Le solde après aides s'étale : sur le cas type à Le Monêtier-les-Bains, le reste à charge d'un ménage très modeste ressort à 6 000 € après aide ANAH et prise en charge de l'accompagnement. Étalé sur quinze ans en éco-prêt à taux zéro, cela représente de l'ordre de 35 € par mois, à comparer aux 1 150 € d'économie annuelle attendue sur la facture d'énergie.
Le cas de référence retenu ici porte sur 100 m², en zone H3 : après un bouquet complet, la consommation recule d'environ 10 700 kWh par an, soit près de 1 150 € au tarif de référence. Côté financement, l'assiette est plafonnée à 40 000 € HT dès trois classes gagnées, l'aide ANAH s'échelonne de 4 000 € à 32 000 € selon le revenu fiscal de référence, et l'accompagnement obligatoire est pris en charge jusqu'à 2 000 €.
L'écueil le plus coûteux reste un engagement de conventionnement signé sans simuler le manque à gagner locatif. Sa reprise après coup coûte couramment 10 à 20 % du poste, soit 482 400 € à 964 800 € sur le chiffrage retenu à Le Monêtier-les-Bains — un montant qui n'est jamais couvert une seconde fois par l'aide, déjà consommée.

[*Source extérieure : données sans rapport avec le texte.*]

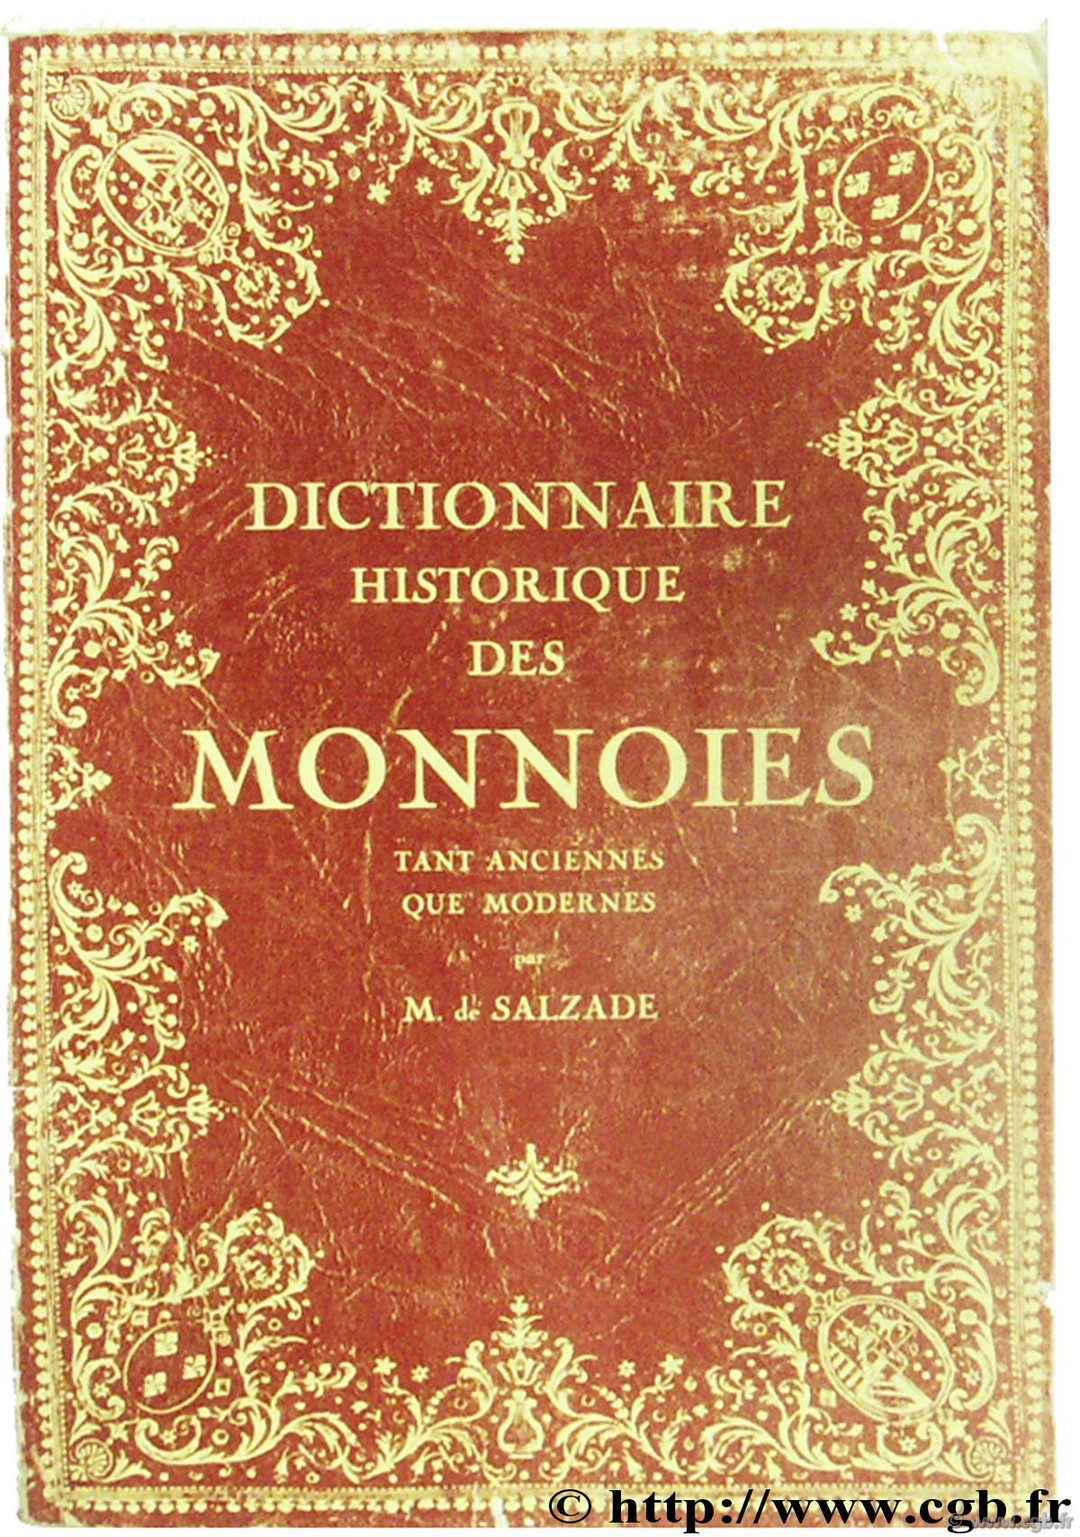 Dictionnaire historique des monnoies tant anciennes que modernes DE SALZADE M.

Deux classes ou trois, la différence est d'abord financière : 30 000 € HT contre 40 000 € HT d'assiette à Le Monêtier-les-Bains. Le logement loué pesant environ 4 824 000 €, il reste à comparer le coût du lot supplémentaire au gain d'aide obtenu en franchissant le palier.

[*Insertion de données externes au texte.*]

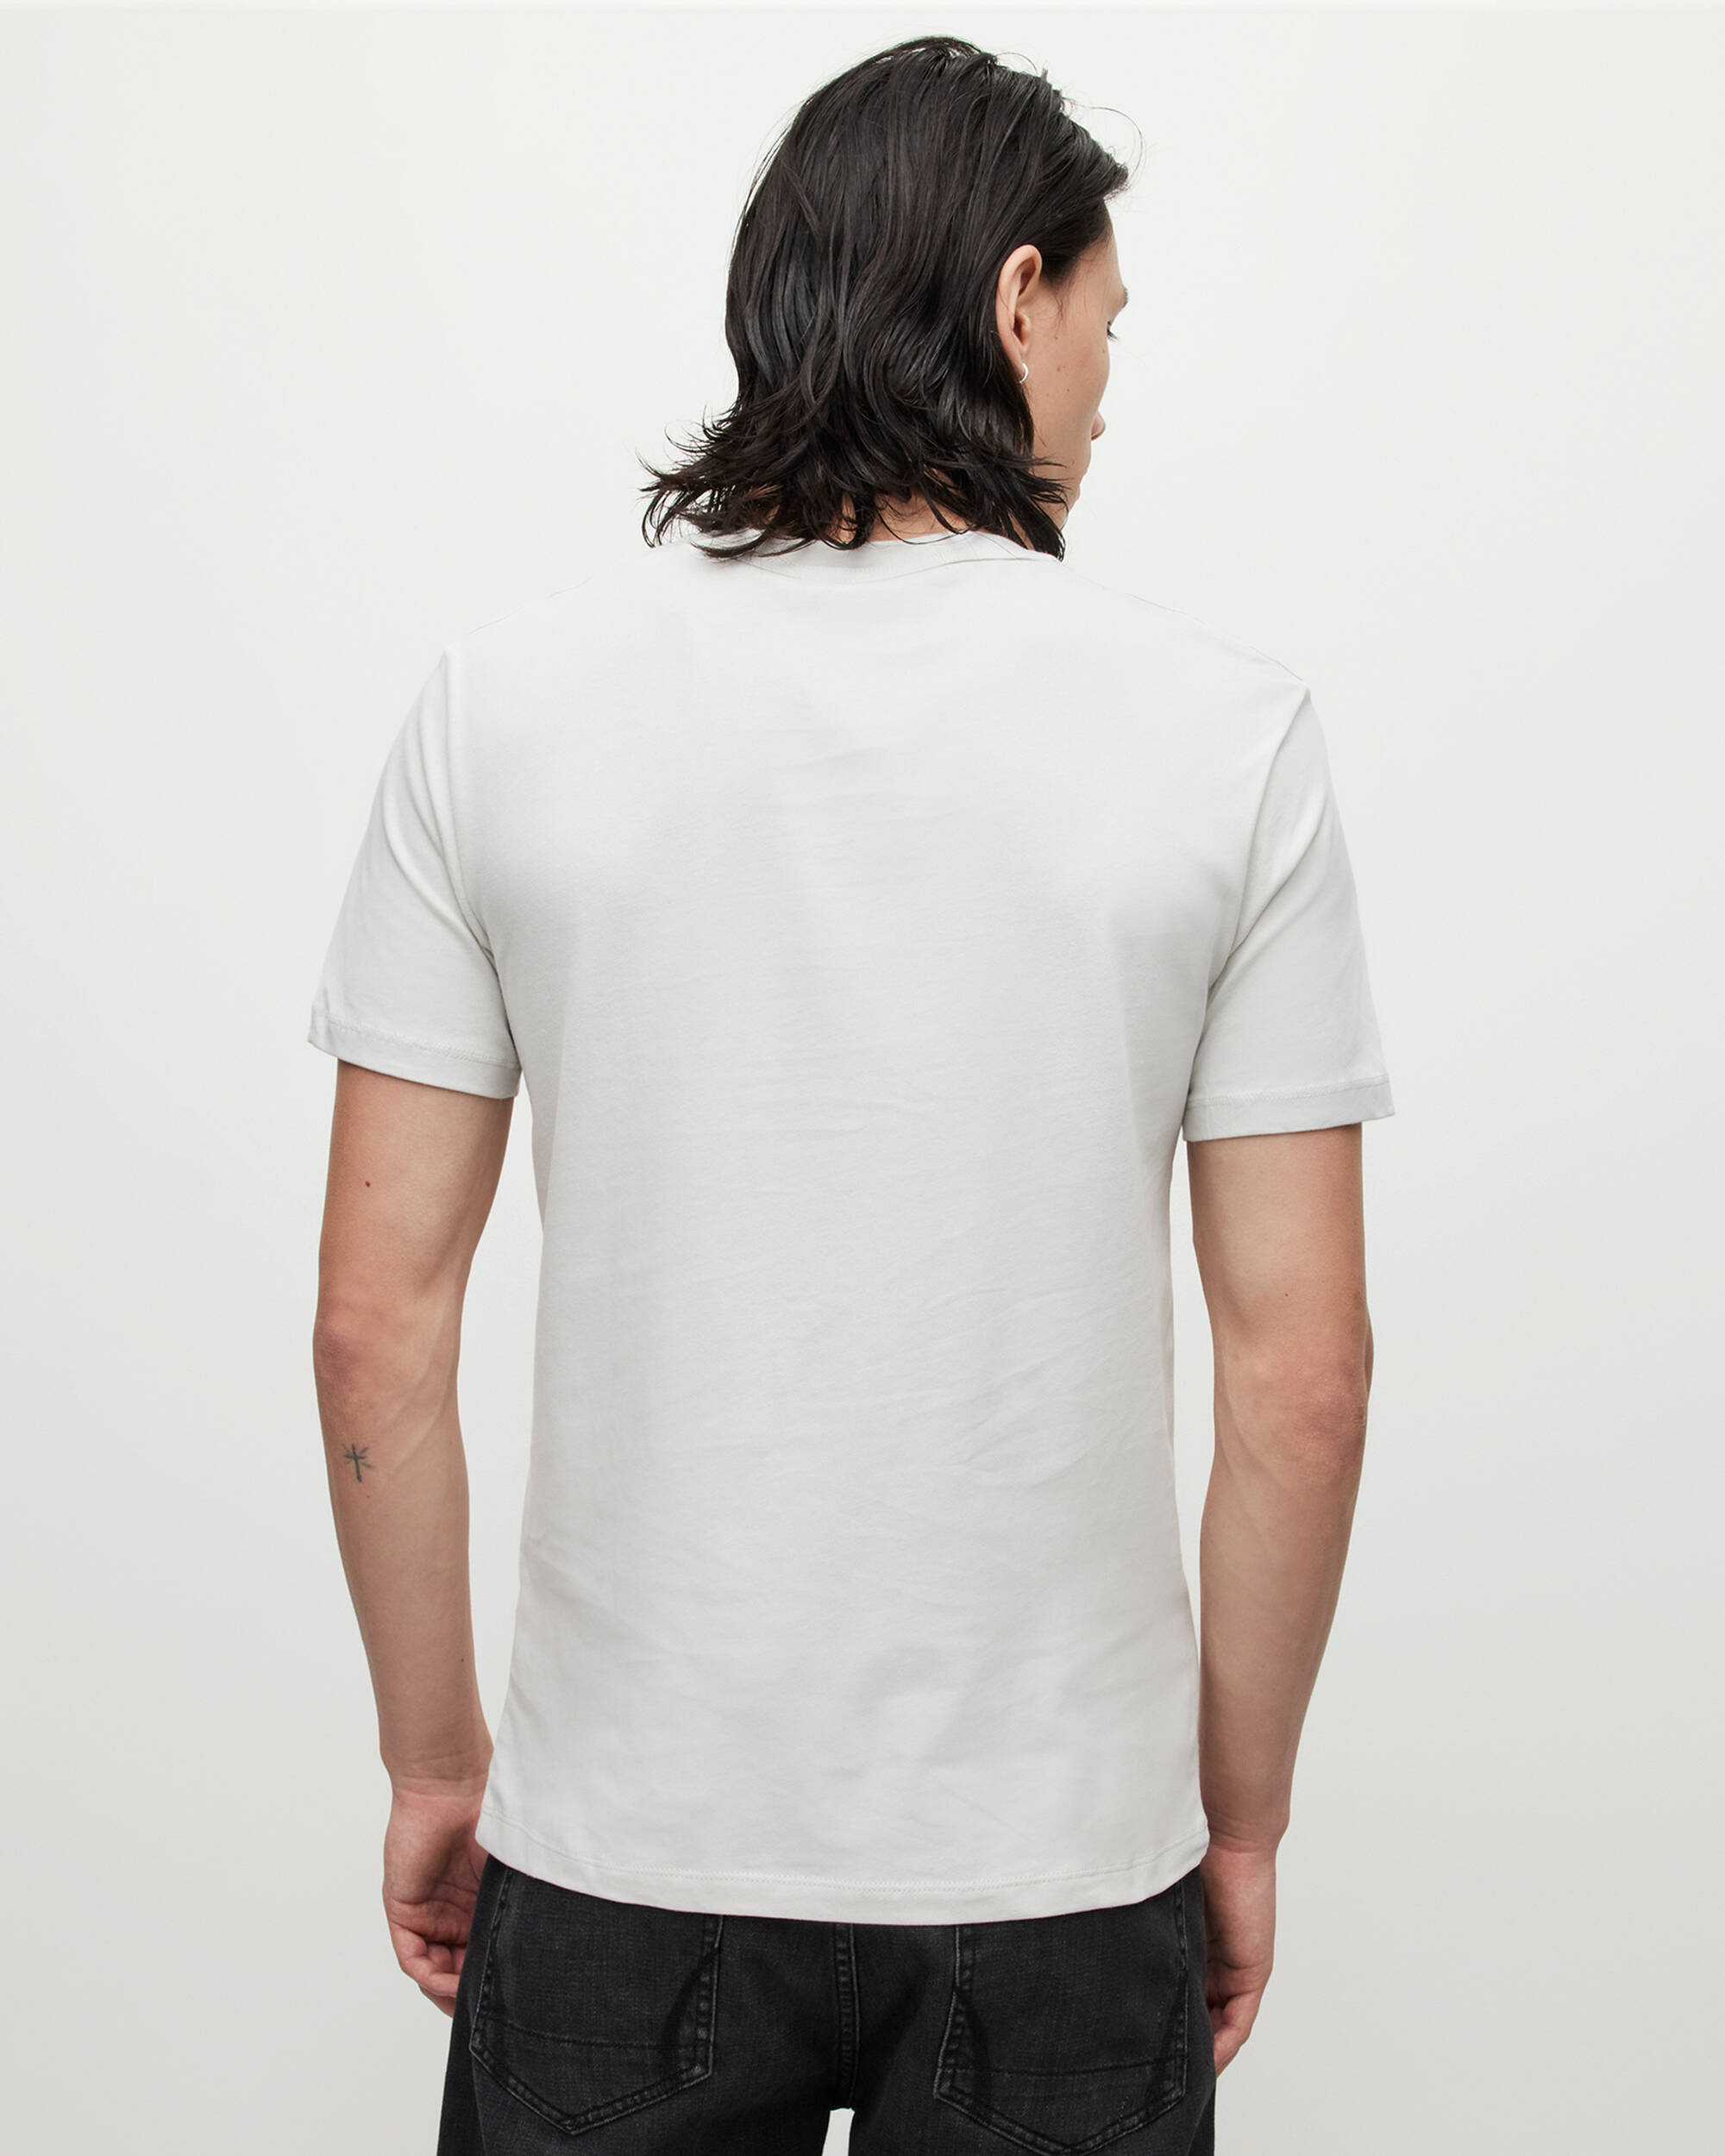 Onderzoek Weekendtas Onbevredigend Brace Brushed Cotton T-Shirt 3 Pack GRY/PINK/MTAL GRY | ALLSAINTS US

Combien de logements concernés ? À Le Monêtier-les-Bains, 67 résidences principales dépendent d'une énergie fossile (14 % du parc). C'est dans ce sous-ensemble que la remise à niveau d'un logement mis en location produit les écarts de consommation les plus élevés avant et après travaux.
Sur la durée de vie de l'ouvrage, la remise à niveau d'un logement mis en location à Le Monêtier-les-Bains suppose les critères de décence et un engagement de loyer maîtrisé maintenu dans le temps. Rapporté à vingt ans d'usage, le poste chiffré à 4 824 000 € revient à 241 200 € par an avant aides, montant à mettre en regard de l'économie de facture et non du seul prix d'achat.

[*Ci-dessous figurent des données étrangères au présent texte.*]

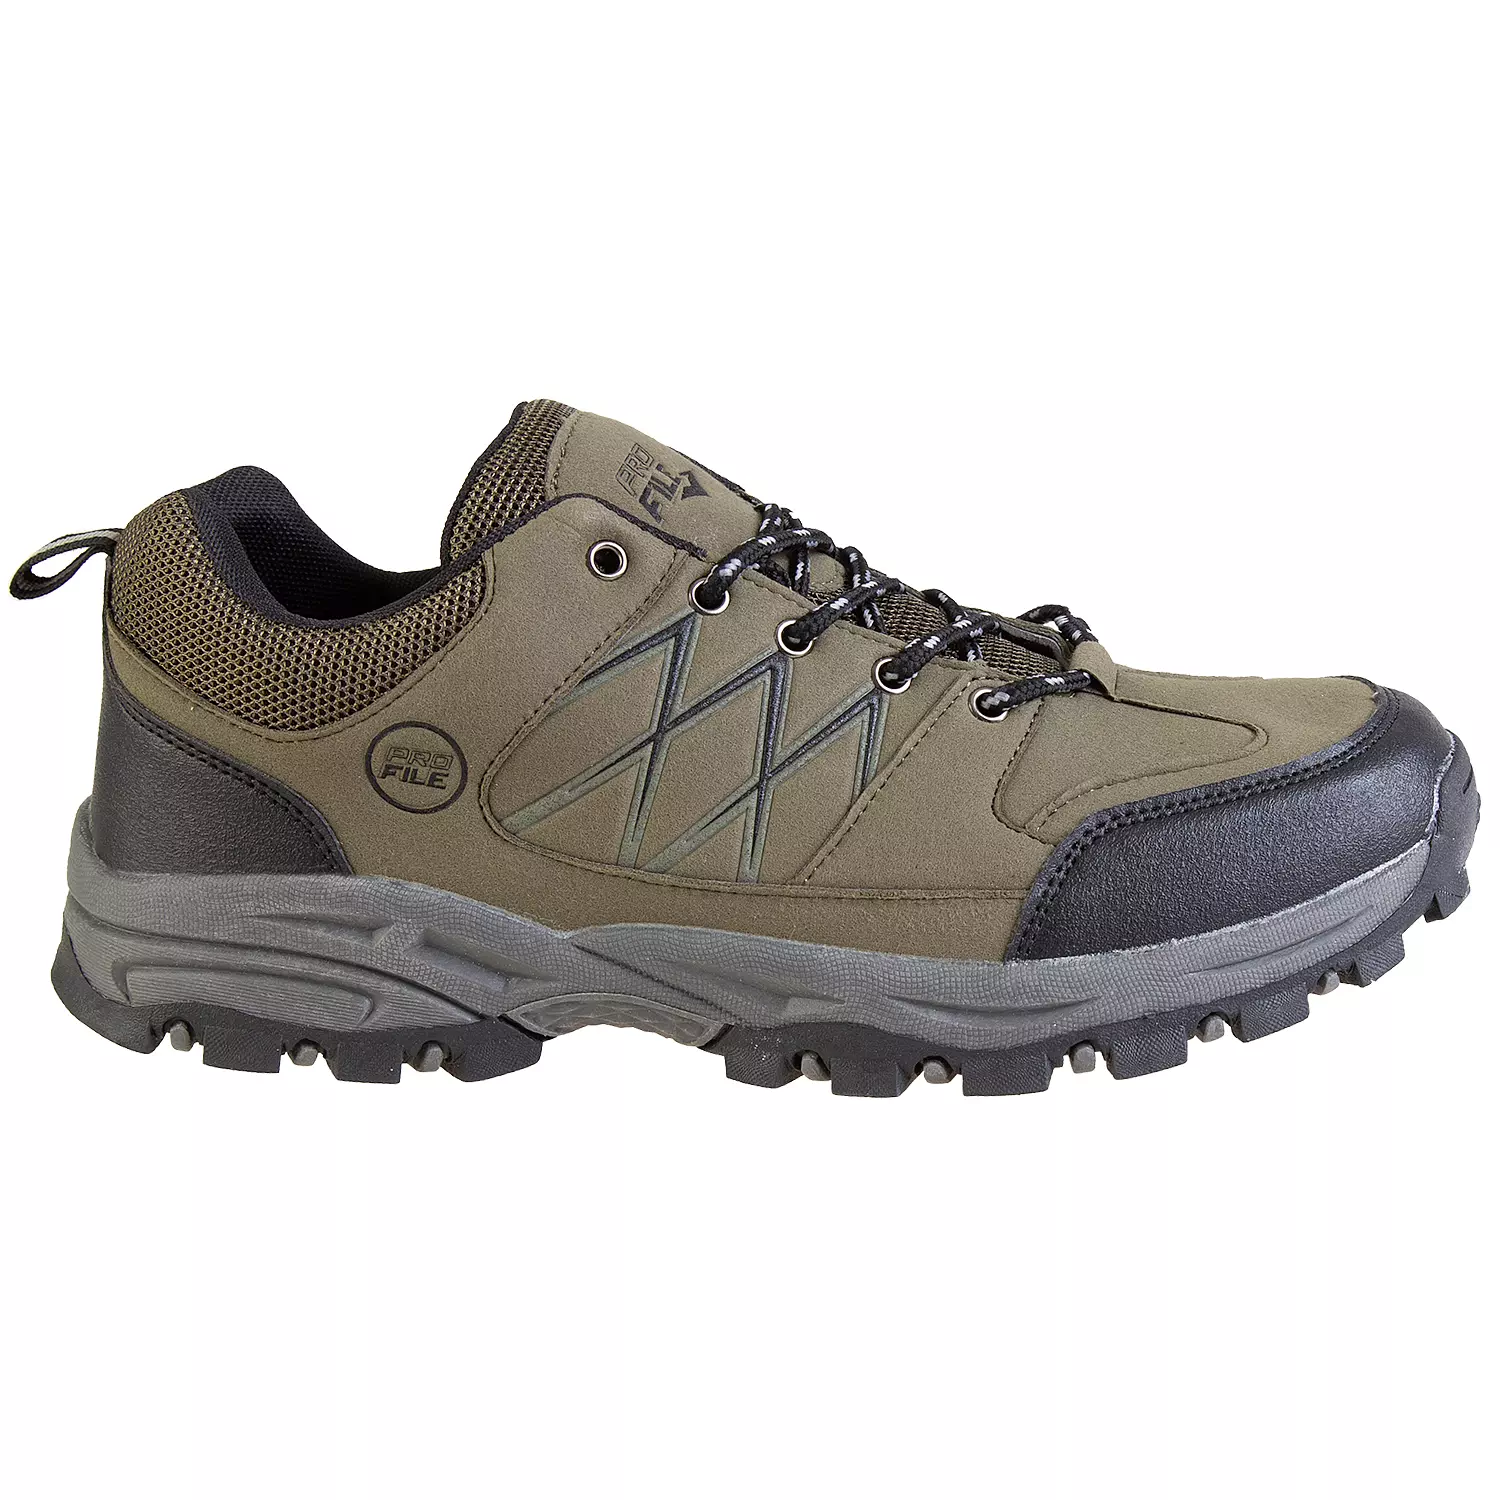 Chaussures de randonnée basses pour hommes avec bandes réfléchissantes, kaki, taille 12

Le taux de TVA n'est pas un détail sur ce type de chantier : à 5,5 %, la remise à niveau d'un logement mis en location facturé 4 824 000 € TTC à Le Monêtier-les-Bains supporte 251 488 € de taxe. Une facturation à 20 % par erreur renchérit le projet de plusieurs milliers d'euros et se rattrape mal après coup.
Le dimensionnement suit l'occupation réelle : 1.93 personne(s) par logement en moyenne à Le Monêtier-les-Bains, ce qui fixe la base de calcul à 100 m². La remise à niveau d'un logement mis en location se calibre sur cette occupation, pas sur la surface cadastrale ni sur la facture de l'année passée.
La logistique dépend de la densité : 923 habitants pour 479 résidences principales à Le Monêtier-les-Bains. Cette densité conditionne l'emprise de stationnement, l'autorisation de voirie et le stockage des matériaux nécessaires à la remise à niveau d'un logement mis en location, trois postes que les devis les moins précis oublient de chiffrer.